Ask HN: What industries are moving to Slack/Zoom for the first time? - jamestimmins
Lots of companies and industries are presumably transitioning to tools like Slack and Zoom for the first time. Is anyone currently experiencing this right now or aware of folks who are?
======
cddotdotslash
My dad is an electrical engineer. Their company is about 100 employees and,
over the last week, they have had to shift all of them to a remote setup. It
hasn't been easy at all. He mentioned numerous issues:

1\. A lot of their work is marking up drawings which traditionally have been
printed on massive sheets of paper. Online, it's hard to click, zoom, markup,
zoom out, etc. Not impossible, but much harder.

2\. These files can be GBs in size. Imagine waiting 45 minutes for a file to
download, you add two comments, and then it takes another hour to upload back
to the server where another engineer repeats the process.
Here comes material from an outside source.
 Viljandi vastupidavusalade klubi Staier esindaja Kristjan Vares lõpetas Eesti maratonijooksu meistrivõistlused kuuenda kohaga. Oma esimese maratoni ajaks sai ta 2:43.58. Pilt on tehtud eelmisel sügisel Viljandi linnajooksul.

3\. Many of their employees live in remote areas where bandwidth measured in
kbps, not mbps.

4\. Some employees don't have full-sized monitors or even laptops at home.
Some only have tablets.

5\. Hardly any of the employees have ever used Zoom, so that alone is a huge
learning curve for them to download/install/get a webcam setup/etc.
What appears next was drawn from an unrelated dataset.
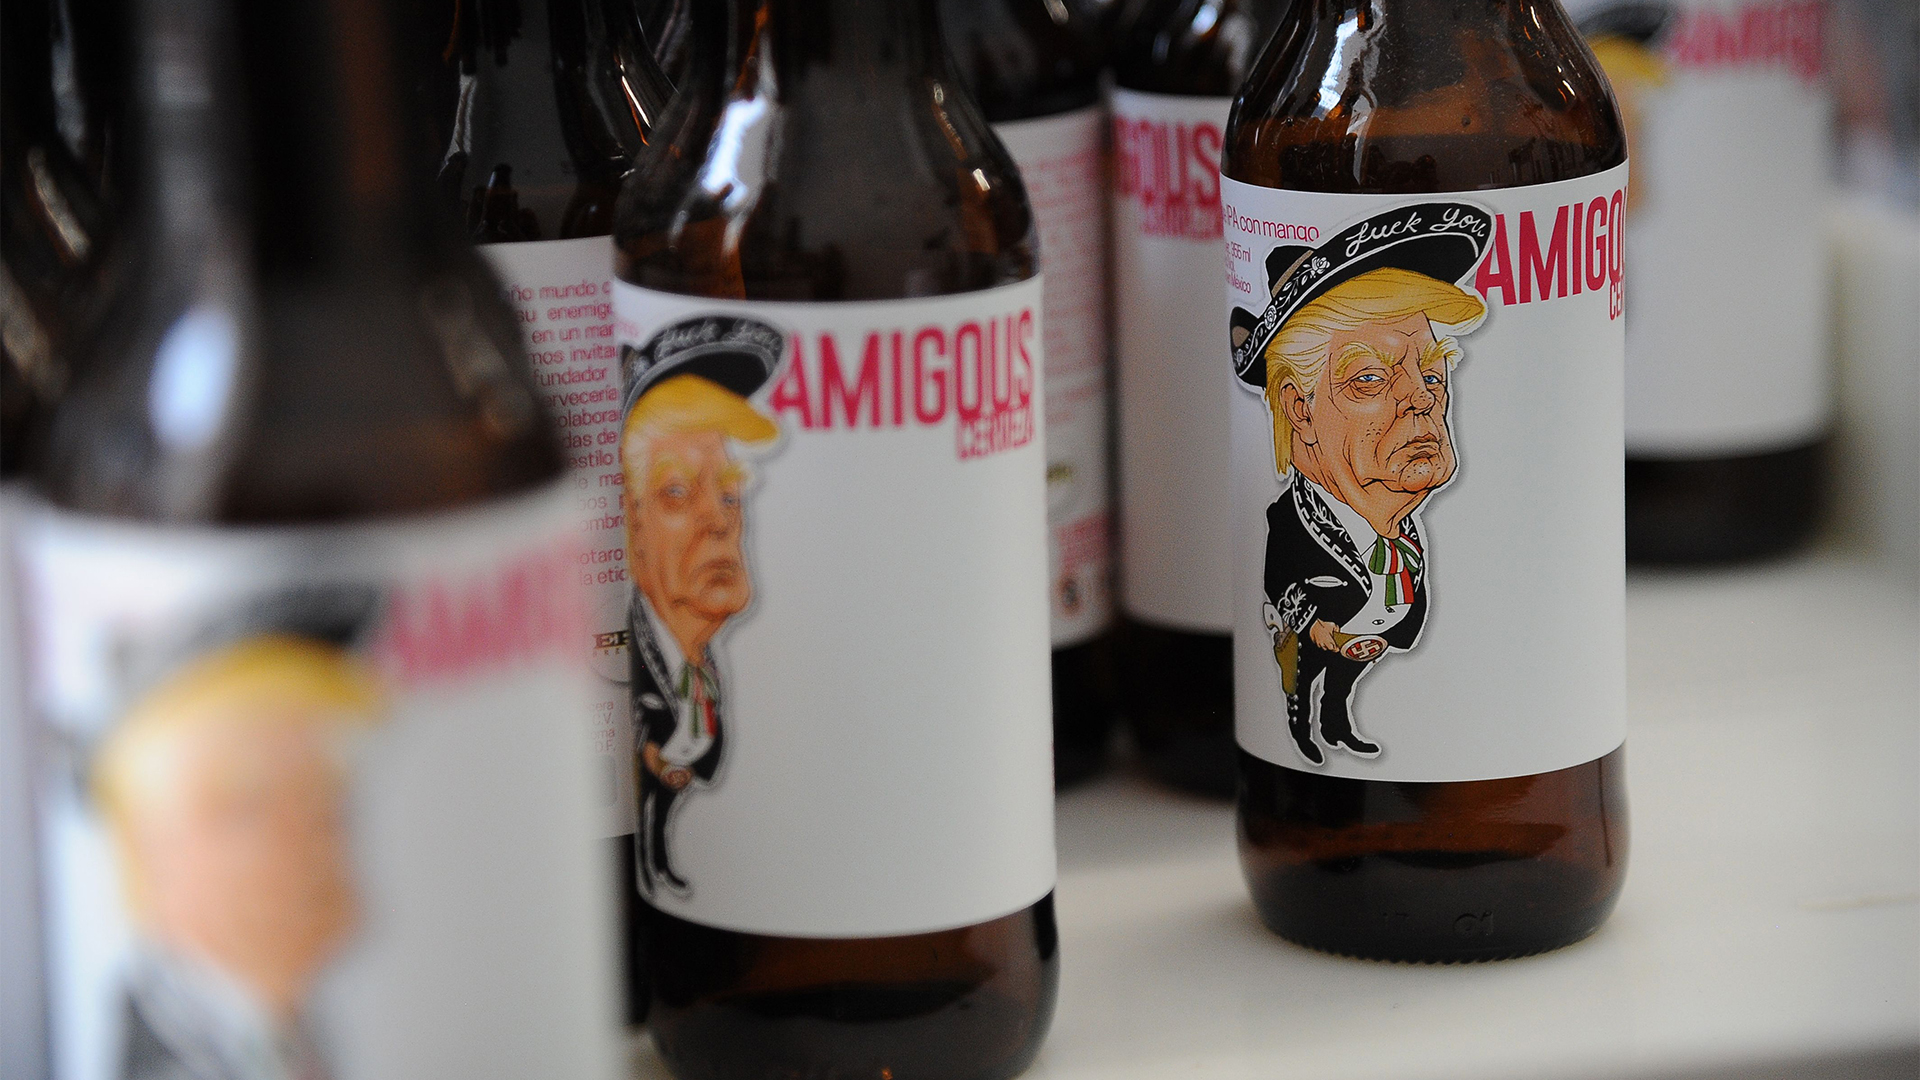 Bier mit dem Konterfei von Trump auf dem Etikett | AFP

6\. The VPN they had was not configured to handle the amount of bandwidth now
being pushed through it. Their provider had to send technicians out to the
office multiple times.

------
impendia
Academia.

Most classes are transitioning to an online format, using Zoom, Blackboard
collaborate, or other videoconferencing software. Professors will also likely
be using this software to meet with individual students one-on-one.

Research seminars too. For example, here is an online conference being
conducted over Zoom:

[https://www.daniellitt.com/agonize/](https://www.daniellitt.com/agonize/)

Here is an example of a weekly seminar that moved online:

[http://www-math.mit.edu/~dav/LG/](http://www-math.mit.edu/~dav/LG/)

This replaces the spate of in-person seminars and conferences which have all
been cancelled.